# Superduty steering question



## kc2006 (Oct 16, 2005)

For those of you with superduties, when you hook your plow up, does the extra front end weigh cause your steering wheel to go off? Like instead of sitting straight it'll be at an angle?

My truck sat really low when I got it so I did add a leafs which brought it up a good 3"-3.5", I put the track bar relocation bracket on as skyjacker suggested. I'm wondering if I need a drop pitman arm too? It's got horrible bump steer, which makes me think that.


----------



## weareweird69 (Dec 10, 2010)

Ideally, you want your track bar and your drag link to be parallel.

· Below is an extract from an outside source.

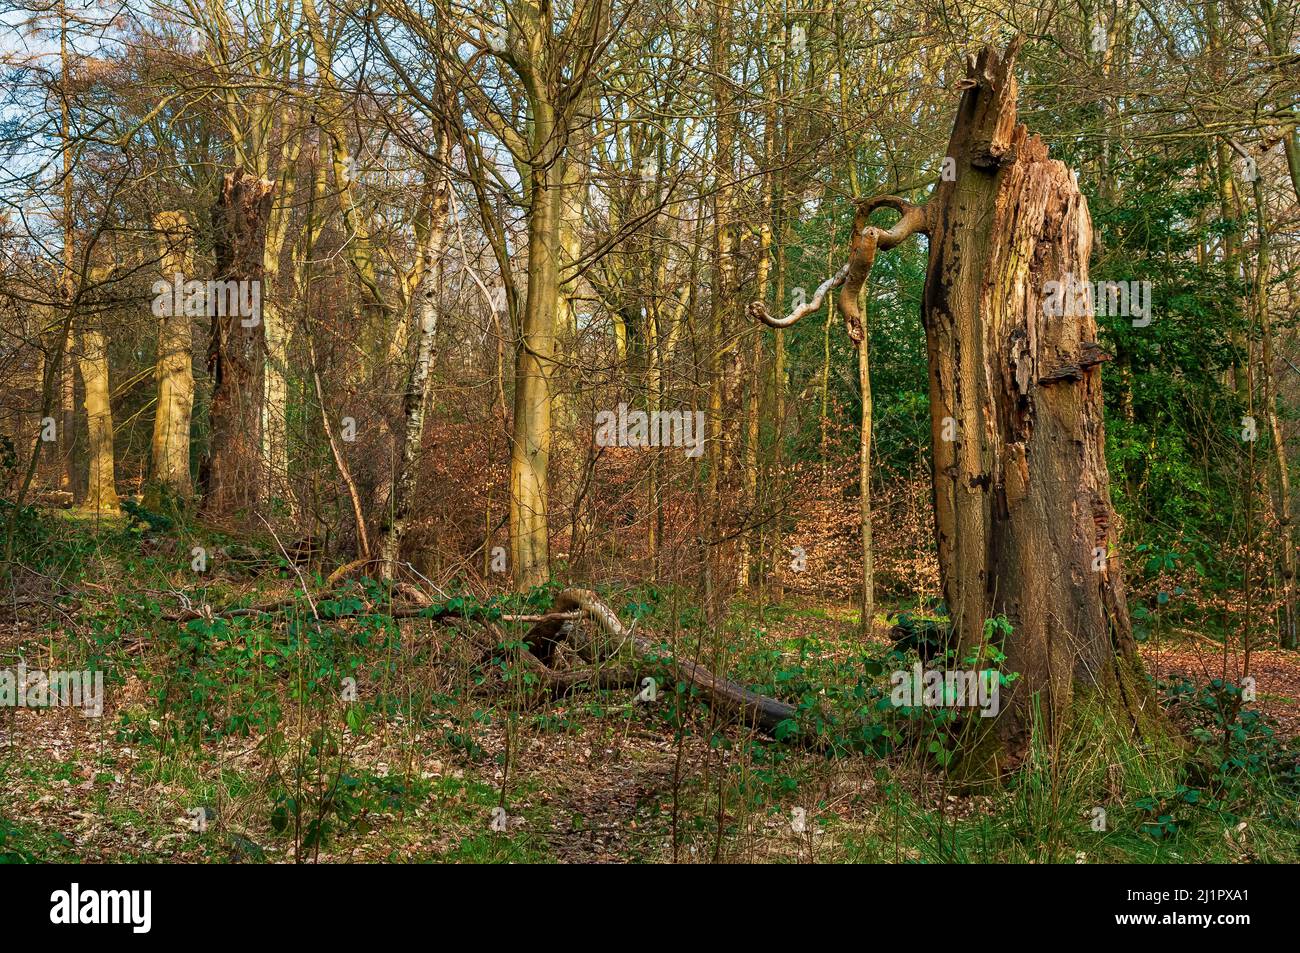 Moncone di alberi morti, rami aggrovigliati e tronchi di alberi misti nella luce del sole del pomeriggio in Ecclesall Woods, antico bosco vicino Sheffield. Foto Stock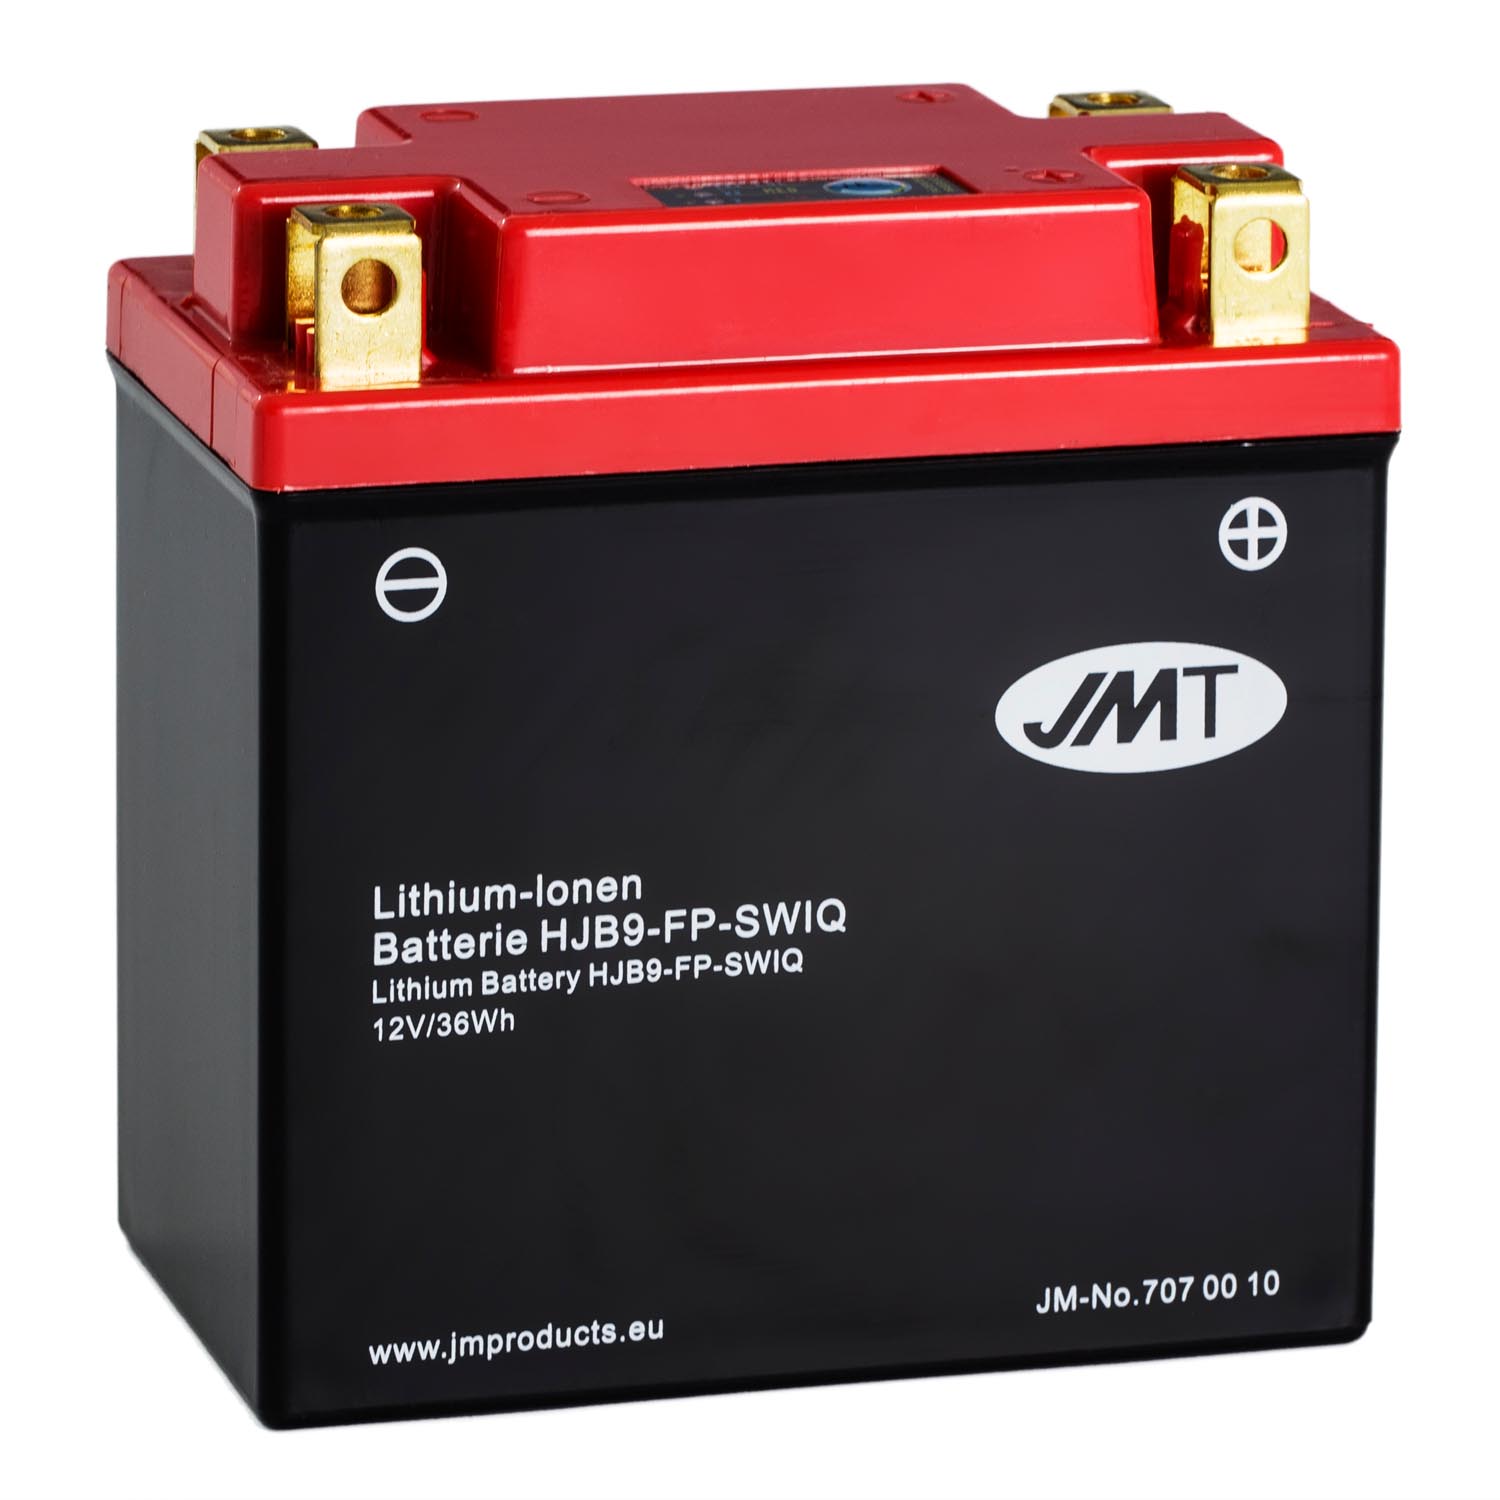 JMT Lithium-Ionen-Motorrad-Batterie HJB9-FP 12V

A drop pitman arm would probably help if you went up that much, and you dropped the track bar down.

What year truck?

I have 06 running gear on my 95 F250, and my trackbar and drag link arent perfectly parallel, and it gives me a SMALL amount of bumpsteer.


----------



## kc2006 (Oct 16, 2005)

it's a 99. I'll have to look tomorrow to see what they look like.


----------



## weareweird69 (Dec 10, 2010)

In that photo, they have a 6.5" lift, and it looks like the pitman arm, and the track bar are about level to one another where they mount. so, yours should be somewhere in that area

Here is another picture, you can see they are almost parallel, this truck has a lift on it as well. a 2.5" leveling kit.


----------